I was born in 1978. I have an older brother and an older sister. My whole family settled down in a small town in this mountainous region of ours when I was very young, and even then we still moved around a lot — we were very poor because my father was the only one earning an income. My father is a man with a peculiar character: at home he is extremely tyrannical, and this has made all his children unsociable and eccentric by nature. The world has always looked grey to me, I don’t like to say very much, I don’t have any friends, and when I was growing up I used to wander around in the hills near where I live by myself. Now when I come to think about this, it is extremely disturbing because in those days I was still a very small child but there was nothing in the least bit innocent about me. There is a direct connection here with my later writing. At the moment, I feel that someone who writes should first and foremost have a lonely and placid spirit, his relationship with the world should be forever weakening, he should be forever turning back to the world in his own heart. By looking for a way out of his own inner world, he solves the problems of the world.

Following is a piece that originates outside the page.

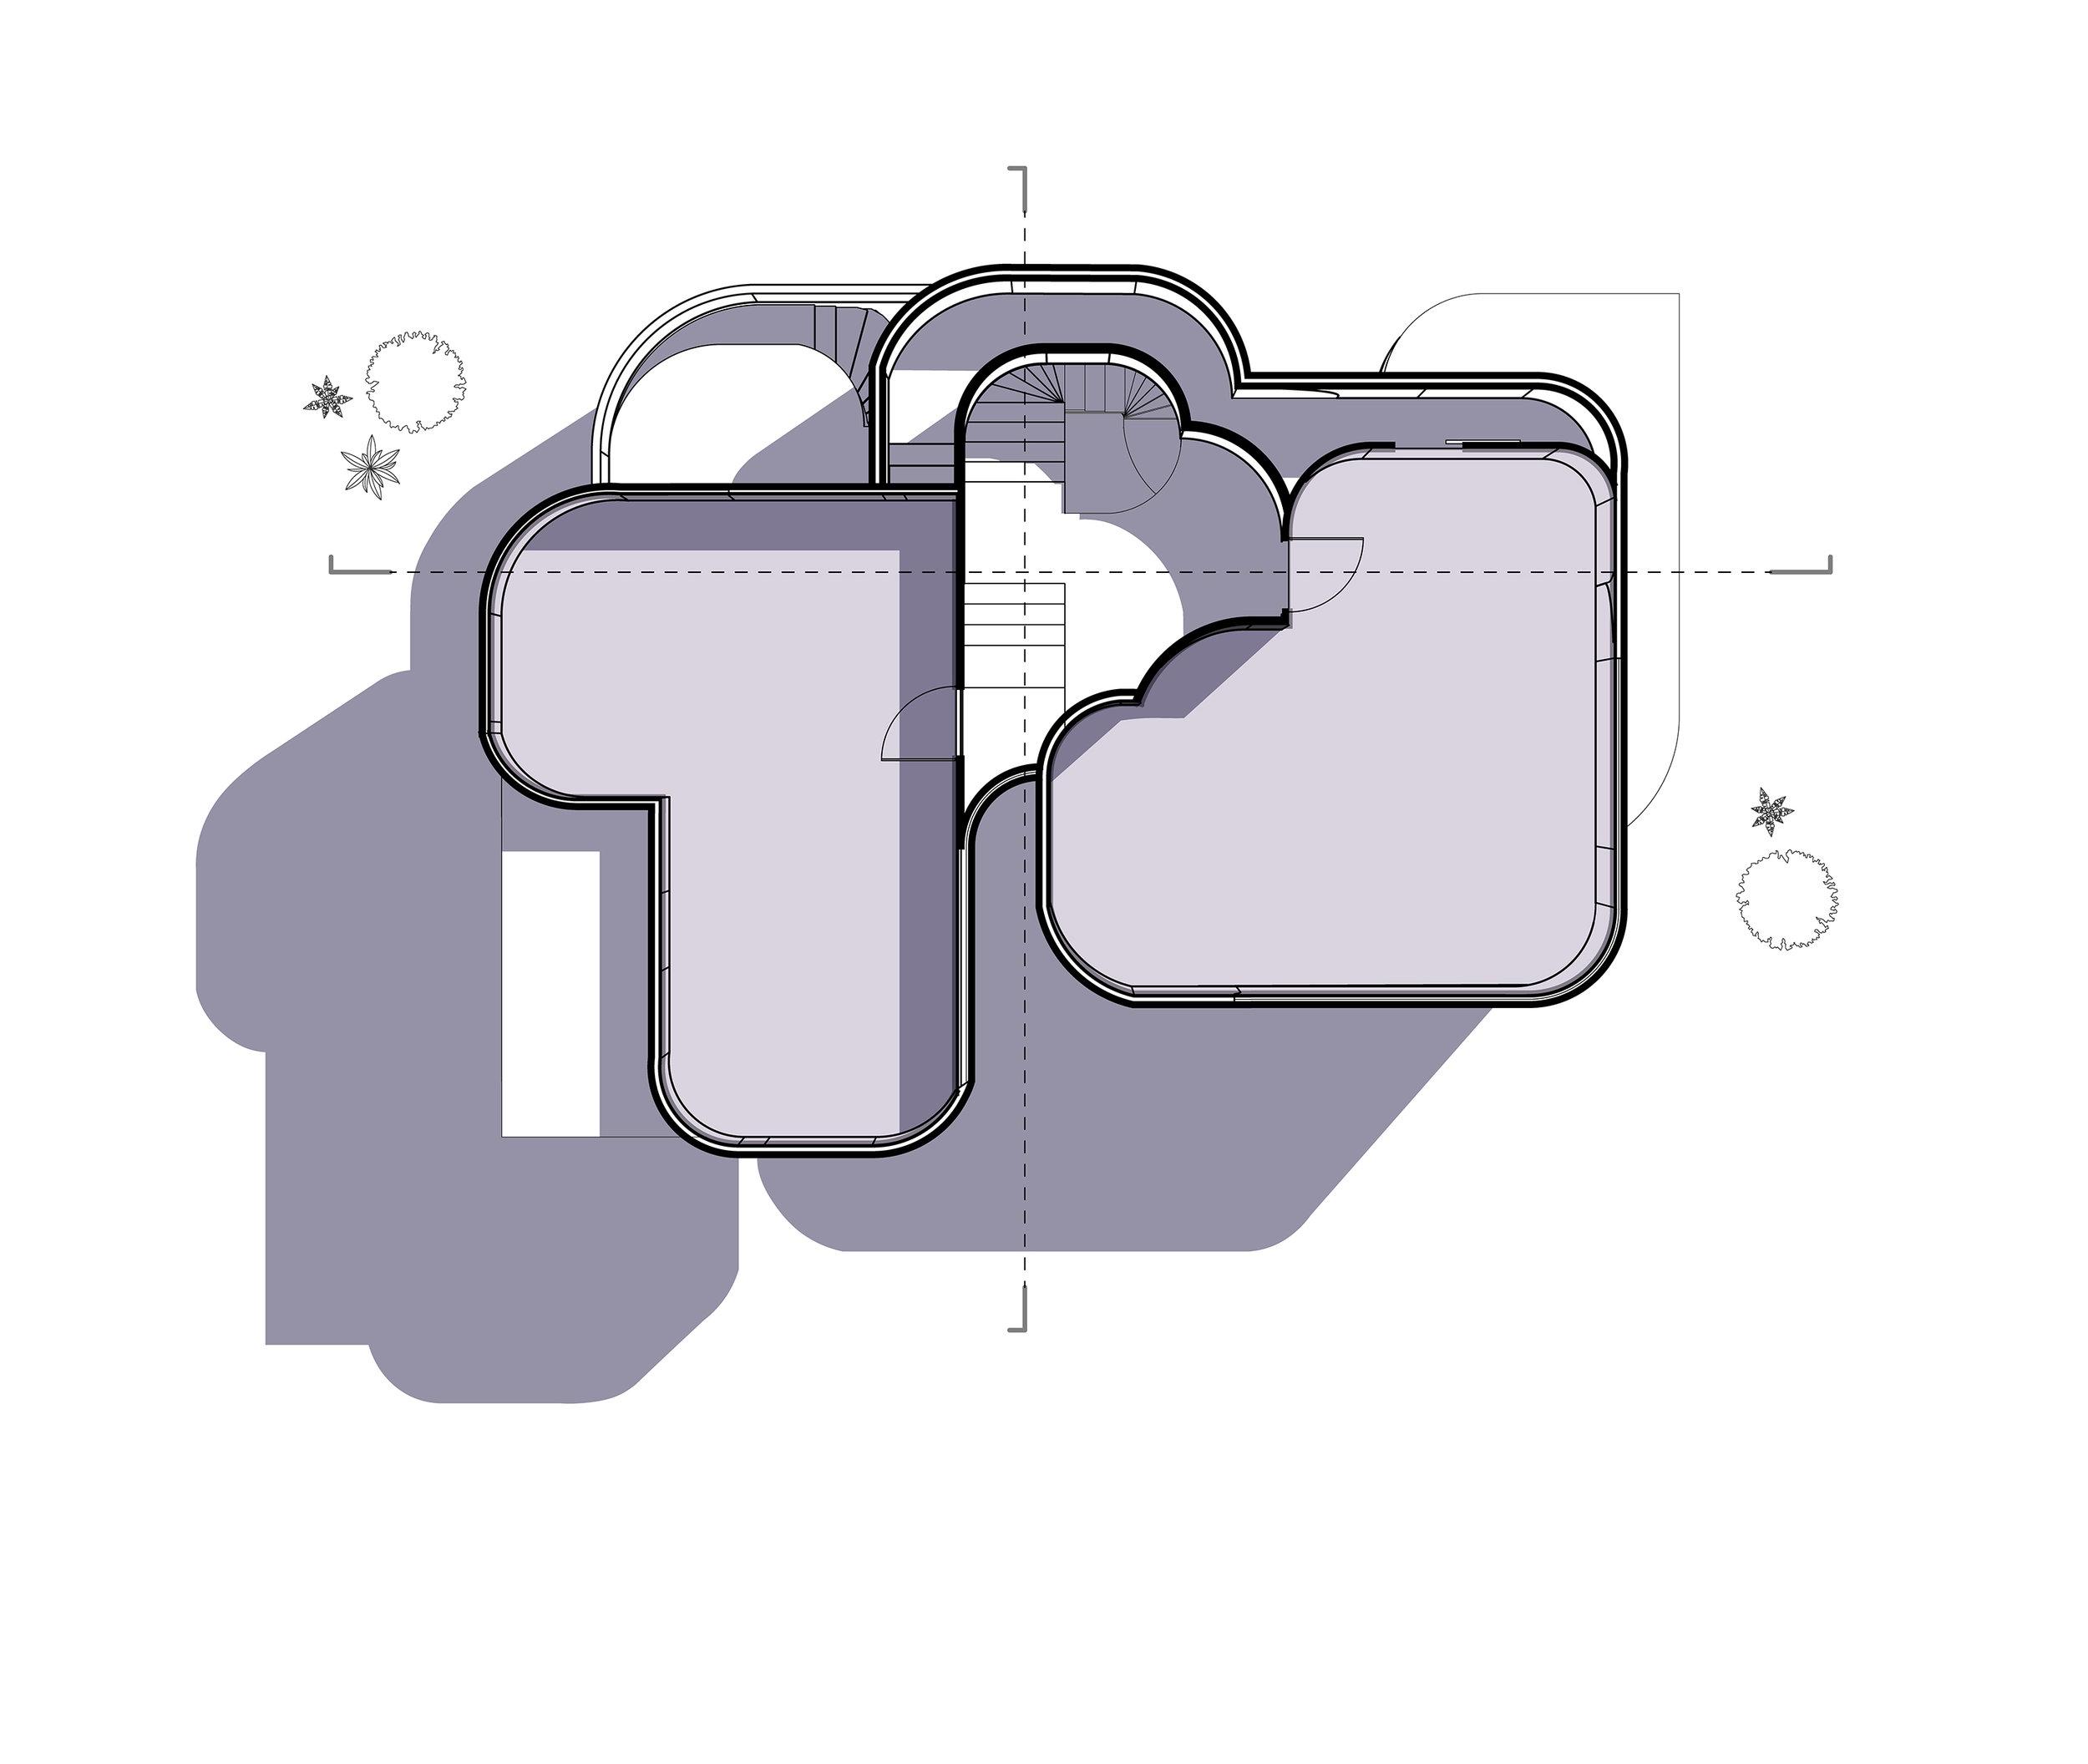 plan02.5.jpg

The biggest problem on this earth is the problem of each individual’s inner world. No one is really able to change another person, nor can they really change the world. Such things are just too unreal. Even if such change were possible, it would only really be an influence at best.

I’m highly suspicious of things such as ‘thought’, but I believe in the spirit. In comparison with the spirit, thought belongs to a shallower level, it’s a step backwards that aims for generality. Generalities can be found everywhere, however. The importance of thought is in the way it summarizes all these surface-level things.

I’m highly suspicious of Buddhism. Buddhism makes an illusion out of everything, it’s totally unreal. Its unreality is what allows it to solve all our problems, but this makes it an absolute impossibility. For this reason, I’d rather believe in death: talking about death is much more down to earth, it’s the end of an individual’s inner world/life. Death allows me to catch a glimpse of existence’s original shape as well as the impossibility of solving the problems of one’s inner life on one’s own.

My poetry’s existence is in my relationship to myself; it is the relationship between me and this world.

If I were unable to [go on] writing poetry, I would feel both extremely deprived and very bored — I would become a blind man in my own inner world. I really don’t want to turn into that kind of person. Nor would I wish to become that speck of dust that Buddhism talks about.

I began writing poetry when I was in high-school. Due to my limited exposure to literature, I currently only like one poem by a foreign poet: Charles Baudelaire’s ‘L’Albatros’.

At present I work in one of the local offices here of the Ministry of Communication doing work that bears absolutely no relationship to my poetry. The people around me — including my own family — have no understanding of my writing. And so I live amidst the crowds like a man with a secret buried in his heart.”